Re: [PATCH nf,v2] netfilter: nftables: accept all dummy chain when table is dormant

[Pablo Neira Ayuso <pablo@netfilter.org>]

On Wed, May 19, 2021 at 08:34:04PM +0200, Florian Westphal wrote:
> Pablo Neira Ayuso <pablo@netfilter.org> wrote:
[...]
> > Let's have a look a several possible scenarios:
> > 
> > Scenario A) batch containing two commands: dorm + wake up
> > 
> > From preparation phase.
> > 
> > - dorm: preparation phase sets the dormant flag (hooks are
> >         still registered).
> > - wake up: unset the dormant flag. This needs to skip hook
> >            registration, because they are already registered.
> >            (it needs a way to check that hooks are registered).
> > 
> > From commit phase.
> > 
> > - dorm: dormant flag is unset, no-op.
> > - wake-up: dormant flag is unset, no-op.
> > 
> > From abort phase (reversed), it undoes preparation phase.
> > 
> > - wake-up: set the dormant flag, unregister hooks.
> > - dorm: unset the dormant flag, register hooks (not possible)
> > 
> > Problems: Needs a function to check if hooks are present.
> >           abort phase needs to register hooks.
> 
> I agree that abort and/or commit phases cannot register hooks.
> 
> > Scenario B) batch containing two commands: wake up + dorm
> > 
> > From preparation phase.
> > 
> > - wake up: unset the dormant flag. This needs to register hooks.
> > - dorm: preparation phase sets the dormant flag (hooks are
> >         still registered).
> > 
> > From commit phase.
> > 
> > - wake-up: dormant flag is set, unregister hooks.
> > - dorm: dormant flag is set, unregister hooks (again).
> > 
> > From abort phase (reversed), it undoes preparation phase.
> > 
> > - dorm: unset the dormant flag, register hooks (not possible)
> > - wake-up: set dormant flag, unregister hooks.
> > 
> > Problems: commit phase needs try_unregister hook function.
> >           abort phase needs to unregister hooks.
> 
> ... but that is doable in the sense that unregister can't fail.

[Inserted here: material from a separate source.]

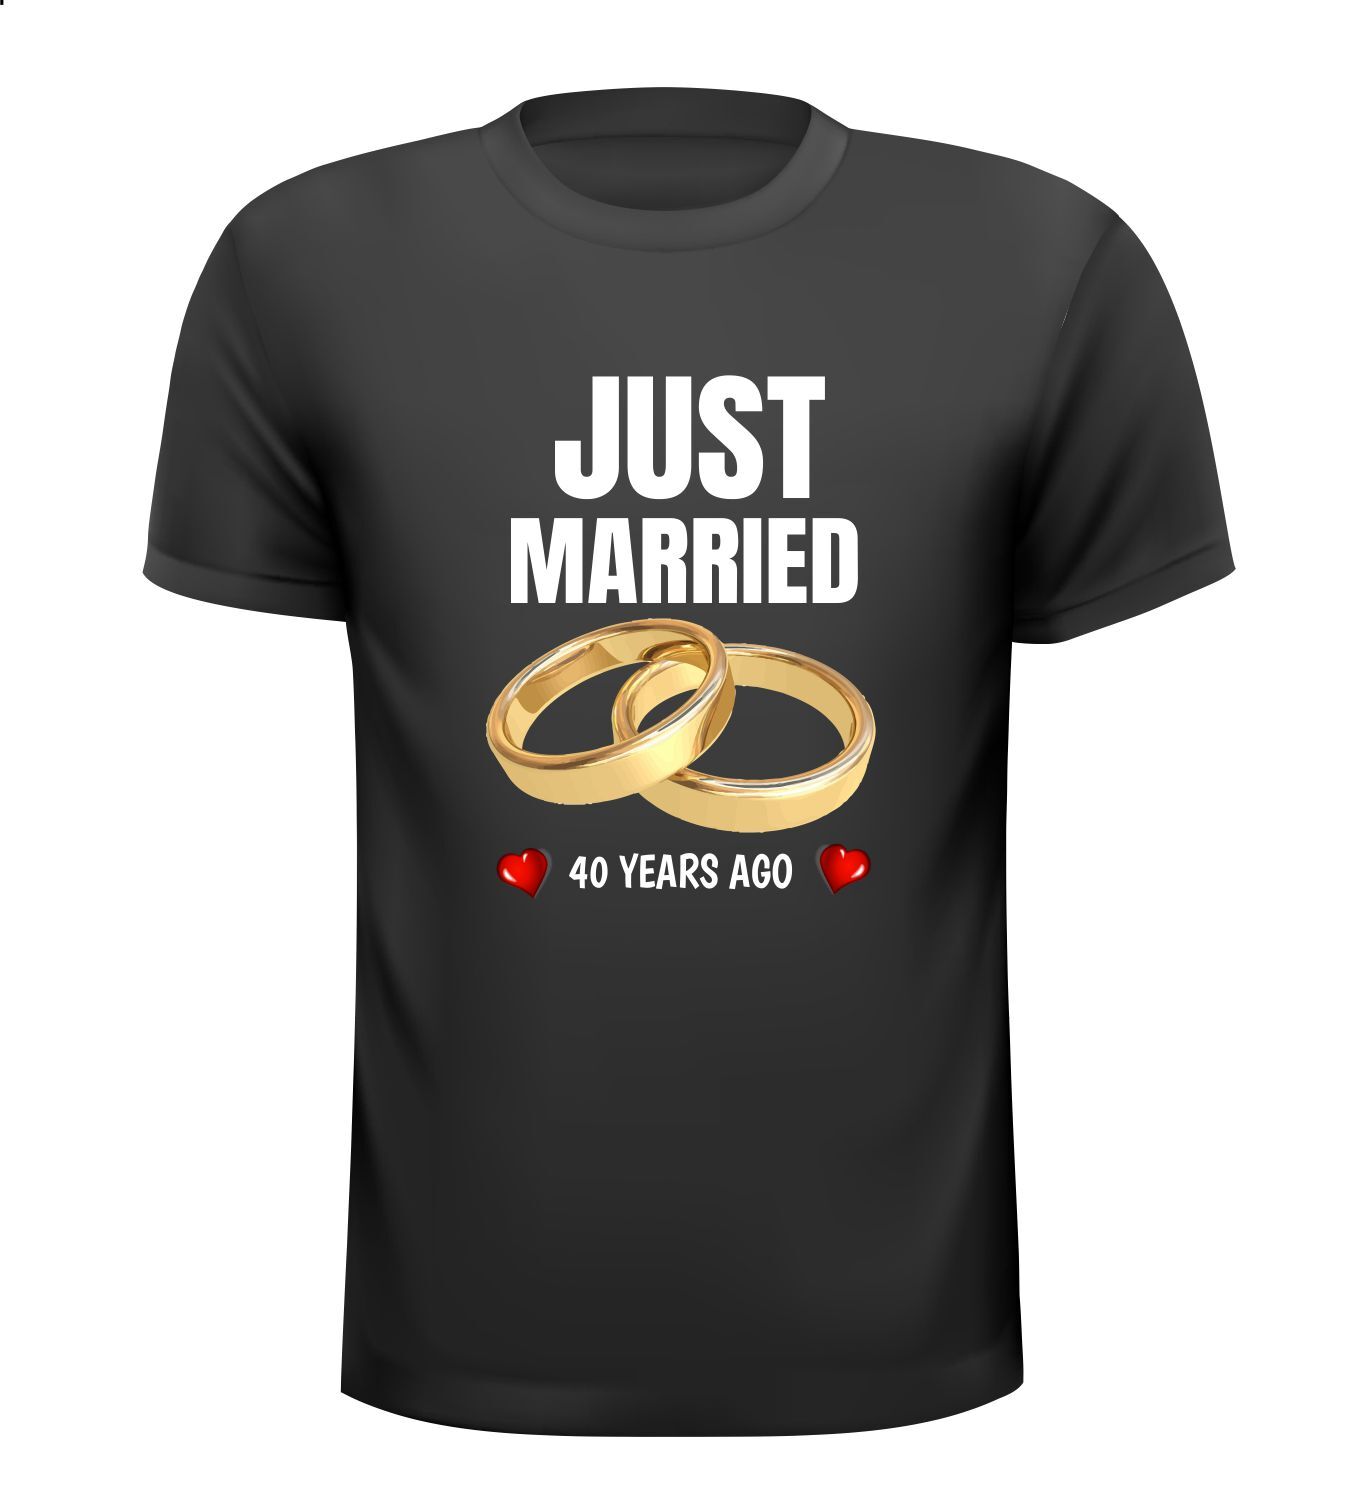 T-shirt Just Married 40 years ago pas getrouwd 40 jaar geleden jaar geleden!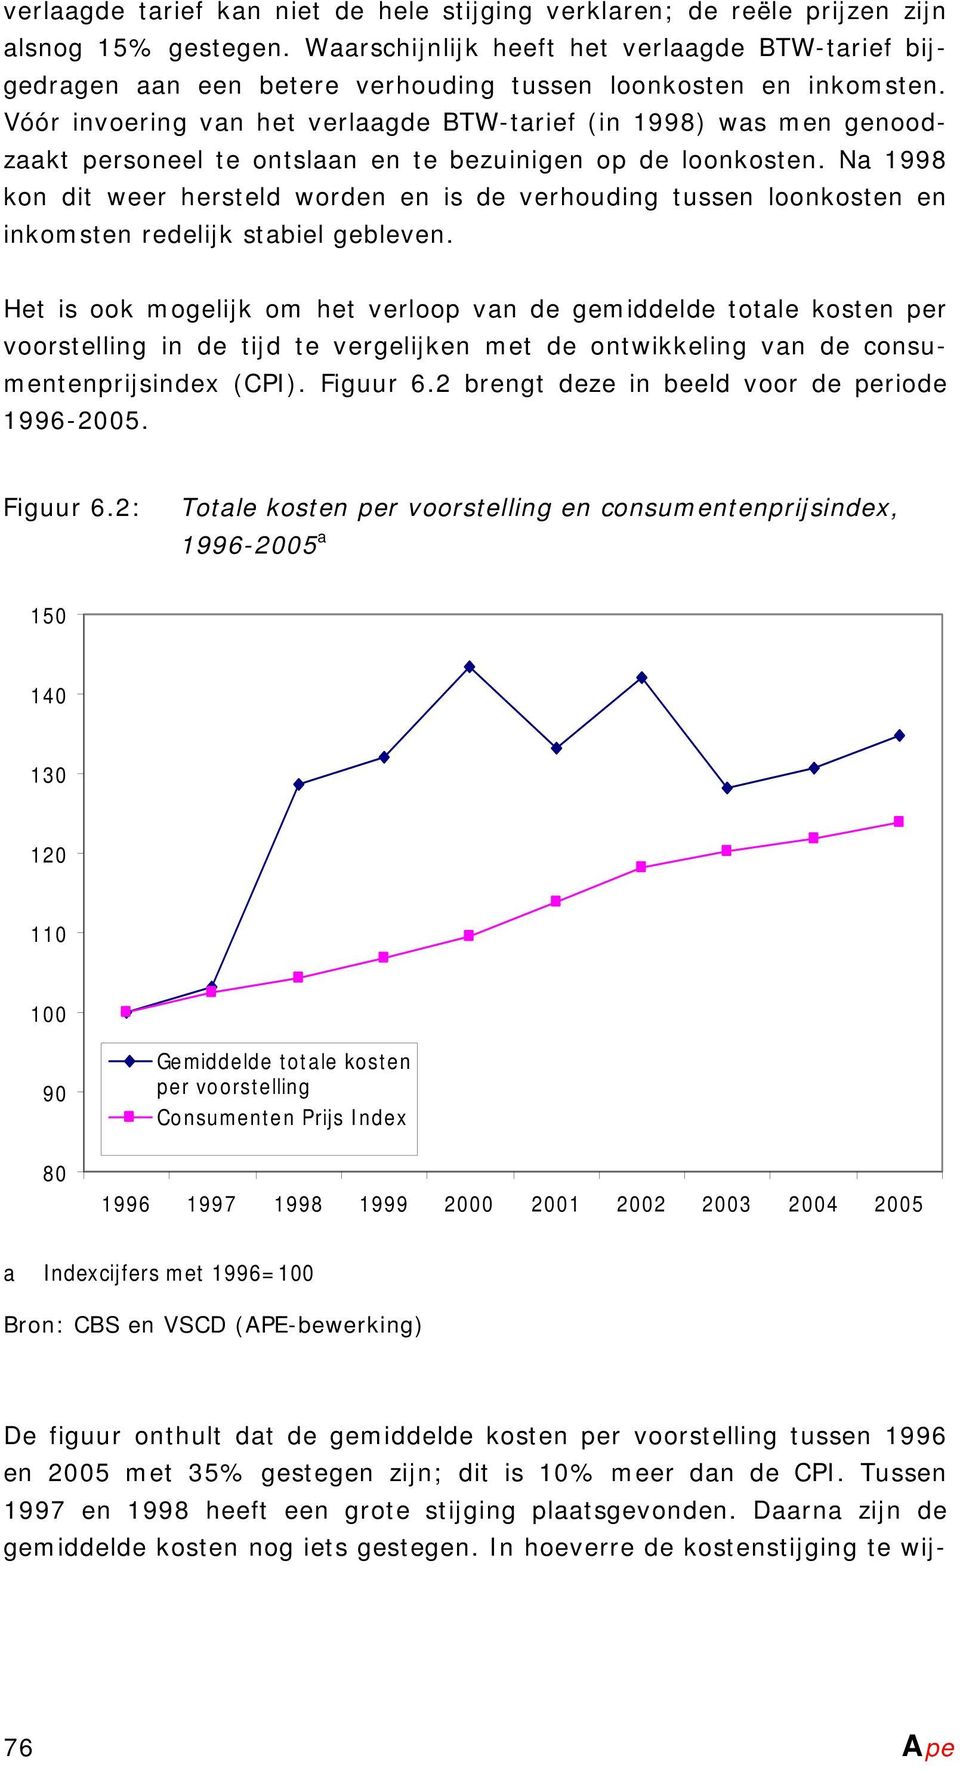 Vóór invoering van het verlaagde BTW-tarief (in 1998) was men genoodzaakt personeel te ontslaan en te bezuinigen op de loonkosten.

Right, but adding "unregister hooks" to the abort path breaks a
different scenario. This might unregister a hook that, because of a later
wake-up action, needs to stay there, because you cannot call register
a hook from the abort path, it's a bit of a whac-a-mole game.

> > I also tried looking at the transaction state instead of the dormant
> > flags, similar problems.
> > 
> > I also tried adding more internal flags to annotate context. I looked
> > at adding fields to nft_table to count for the number of pending hook
> > registration / unregistration. It's all tricky.
> 
> Ok, too bad.
> 
> > The patch I posted is addressing the issue by skipping hook
> > registration / unregistration for dormant flags updates.
> > 
> > What's your concern with the approach I'm proposing?
> 
> No concern, I did not understand the problem with hook register in
> abort/commit.
> 
> I also dislike that dormat tables now retrain the hook overhead, but
> I guess dormat tables are an exception and not the norm, so maybe
> unfounded concern.

You are right that this approach incurs in the hook evaluation penalty
from the packet path. But I don't think there's a need to optimize
this feature at this stage. If it turns out that this needs to be
optimized, maybe it should be possible to add a core feature to
disable hook while leaving in registered (ie. hook "dormant" state).

So I'm just inclined to keep it simple while making sure that any
possible (silly) robot-generated sequence with this toggle works fine.